优化一个4*4的按键程序,要返回长按键和短按键,大体思路如下:
1、功能函数key_scan 放while(1)里跑,不让系统有任何等待
2、通过状态机的方式实现
3、判断三次状态,有按键,消抖确定有按键,短按键或者长按键
看了很多种按键代码,消抖基本都用等待方式实现,效率不高,所以写了个这样的代码,全当练习。具体思路可以体现,但#define的不全。

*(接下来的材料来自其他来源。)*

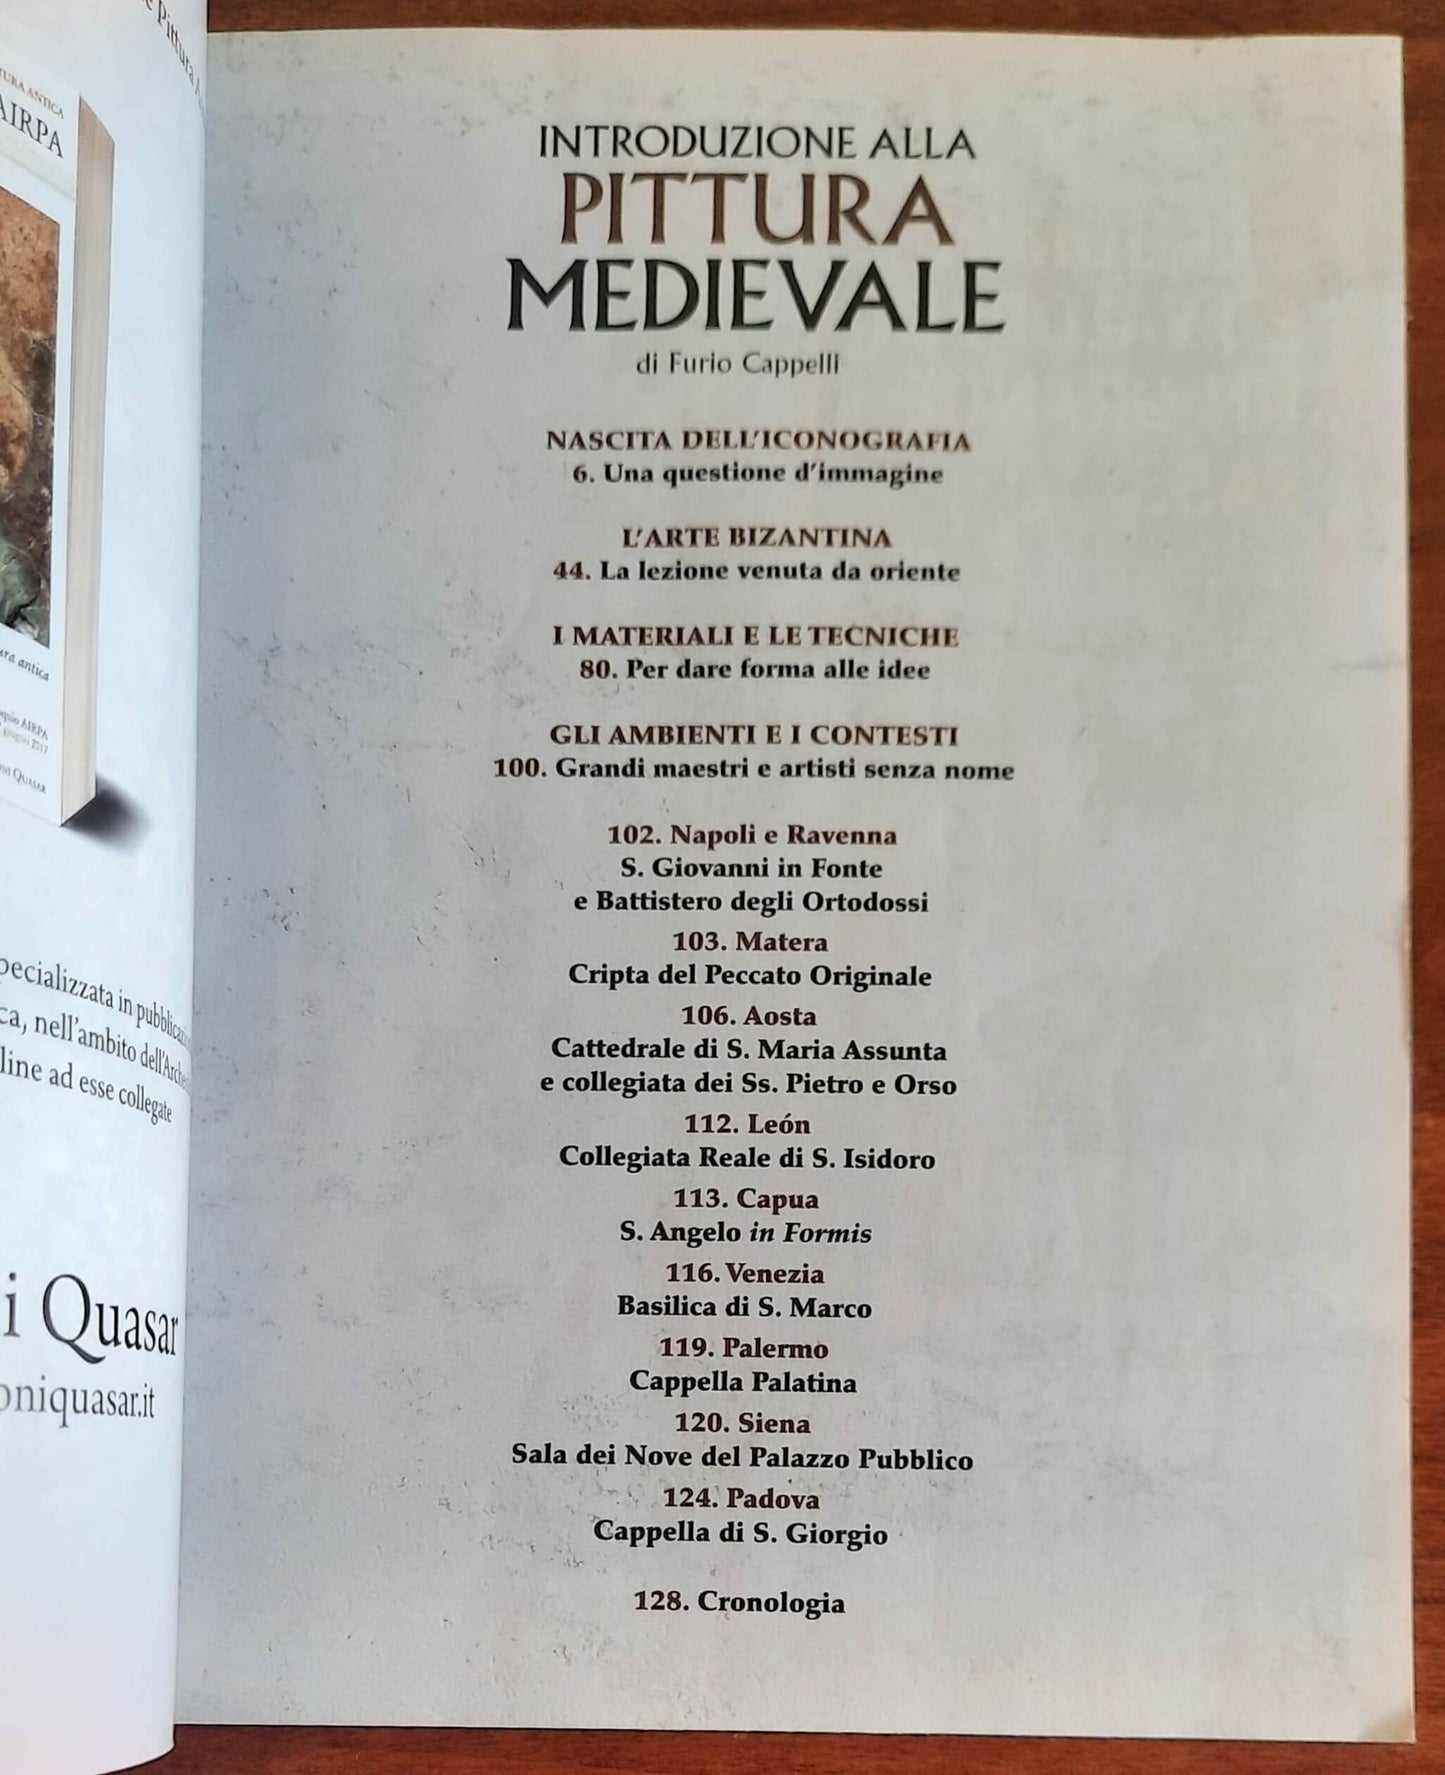 Medioevo Dossier Mag/Giu 2020 (Introduzione alla pittura medievale)

望高手指点二三。
type enum{
KEY_SCAN_FIRST;
KEY_SCAN_SECOND;
KEY_SCAN_THIRD;
}KEY_SCAN_STATE;
typedef unsigned long long TICK_TYPE;
TICK_TYPE systick=0;
void Systick(void) //系统定时器中断 ,1ms 间隔
{
systick++;
}
TICK_TYPE GET_currentTimetick() //获得当前TICK
{
return systick;
}
struct KEY_BODY{
unsigned char keynum;//哪个按键
unsigned char keytype;//按键状态
KEY_SCAN_STATE scan_status;//扫描状态
TICK_TYPE scan_starttime; //扫描开始tick
int keyshake_delay;//消抖tick
}key;
//KEYtype defines
#define KEY_DOWN_L 1
#define KEY_DOWN_S 2
#define KEY_UP 3
void key_init(struct KEY_BODY *key)
{
key->keynum=key->keytype=0;
key->scan_status = KEY_SCAN_FIRST;
key->scan_starttime=0;
key->keyshake_delay=25;//按键消抖时间
}
int key_on(void)
{
ROWPORT_IN;//行,4 IO 入,低电平:下拉
ROW_OUTPUT_LOW;
LINEPORT_OUT; //列:4 IO 出,高电平
LINE_OUTPUT_HING;
if(ROW_PIN1 != ROW_LOW_MASK) //行 4IO 不全为低 有按键发生
return KEY_ACTION;
else
return NO_KEY_ACTION;
}
void key_scan (struct KEY_BODY *key)
{
unsigned char i;
unsigned char keymask=0;
switch(key->scan_status)
{
case KEY_SCAN_FIRST:
if(key_on()==KEY_ACTION) //有按键,记录时间TICK,状态变换
{
key->scan_status = KEY_SCAN_SECOND;
key->scan_starttime=GET_currentTimetick();
}
break;
case KEY_SCAN_SECOND:
if(key_on()==KEY_ACTION) //继续有按键
{
if(GET_currentTimetick()- key->scan_starttime > keyshake_delay) //消抖间隔25ms
{
for(i=0;i<4;i++) //判按键 i是列
{
keymask|=(1<<i); //0000 0001 ,0000 0010,0000 0100,......
LINE_PIN=keymask;
switch(ROW_PIN) //判断行 IO 电平
{
case 0x01: //第一行
key->keynum = i+1; //第一行四个按键,键值:1,2,3,4
break;
case 0x02://第二行
key->keynum = i+5; //第二行四个按键,键值:5,6,7,8
break;
case 0x04://第三行
key->keynum = i+9;//第三行四个按键,键值:9,10,11,12
break;
case 0x08://第四行
key->keynum = i+13;//第死行四个按键,键值:13,14,15,16
break;
}
}
key->scan_status = KEY_SCAN_THIRD;
}
else return;
}
else
key->scan_status = KEY_SCAN_FIRST;
break;
case KEY_SCAN_THIRD:
key->scan_status = KEY_SCAN_FIRST;
key->scan_starttime=GET_currentTimetick(); //获得当前tick
do{ //等待按键释放
if(GET_currentTimetick()- key->scan_starttime > 2000) //按键持续2s,跳出,长按键
{
key->keytype=KEY_DOWNL;
return;
}
}while(key_on()==KEY_ACTION)
key->keytype=KEY_DOWN; //释放,短按键
break;
default:
break;
}
} |